Durum wheat (Triticum durum Desf.), is one of the oldest cultivated cereal species in the world and one of the staple foods for a balanced diet because it is very rich in calories (149 Cal 100 g-1), starch, proteins, trace elements, and vitamin B1 (Amallah et al. 2016). So, it is recommended to consume Durum wheat widely because it constitutes a large part of humanity's diet at around 35% and provides 15% of its energy needs (IDRC 2010).

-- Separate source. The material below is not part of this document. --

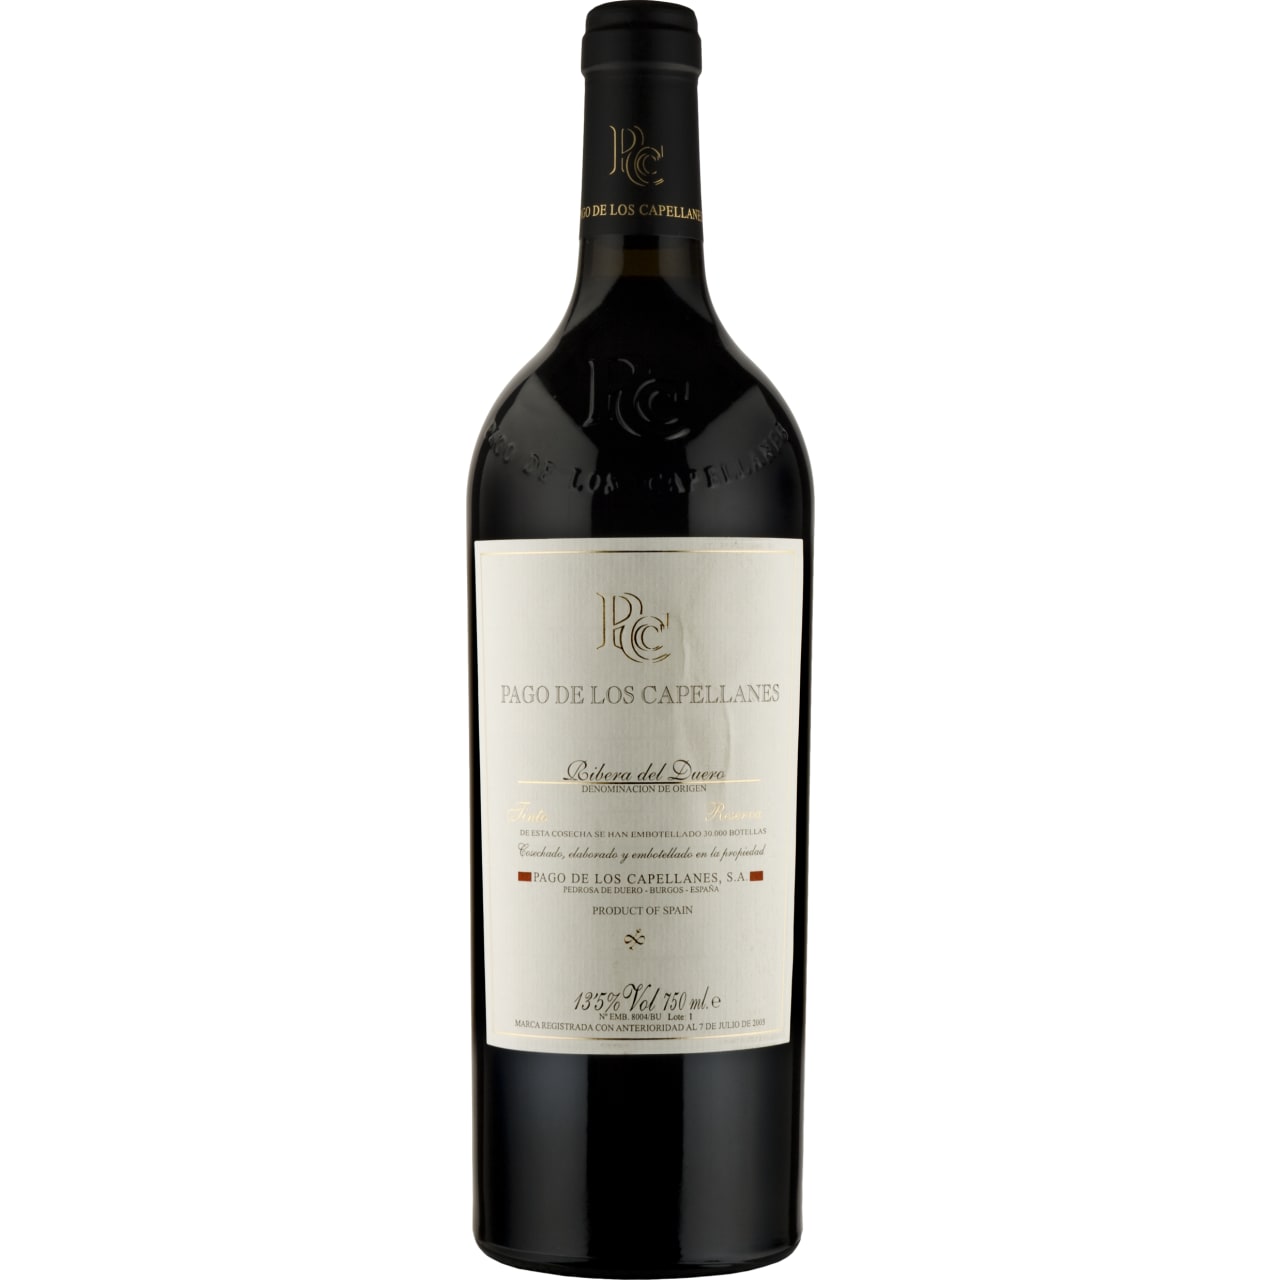 Displays great balance with glossy, mature tannins and an elegant fruit character.

Algeria has recorded an average cereals production of around 5.23 million tons over the past three seasons and remains far from the demand estimated at 13 million tons (MADR 2021), durum wheat is the first economically major crop in Algeria which represents 46% of total cereals production grown on 1.6 million hectares (Harrag and Boulfred 2019). However, the durum wheat produced covers only 24 to 55% of the country's annual consumption based on the climate conditions, i.e., approximately 202 kg per capita per year (ITGC 2022), while the residual supplier is essentially provided by imports, to meet the needs croissants, which makes Algeria the world's leading importer of durum wheat (Bessaoud et al. 2019). This situation can be explained by: the main dependence of the Algerian diet on the consumption of durum wheat in its various forms (bread, pasta, couscous, freekeh, aish, baghrir, tamina, borj, rishta, etc.) and on the relatively low grain yields obtained in the country, which is closely linked to the effect of the climate (insufficient and erratic rainfall, low winter temperatures, spring frosts, late-season drought, and sirocco occurrence) (Haddad et al. 2021), with poor application of modern agricultural techniques (including the process and the harvest period) (Di Mola et al. 2021).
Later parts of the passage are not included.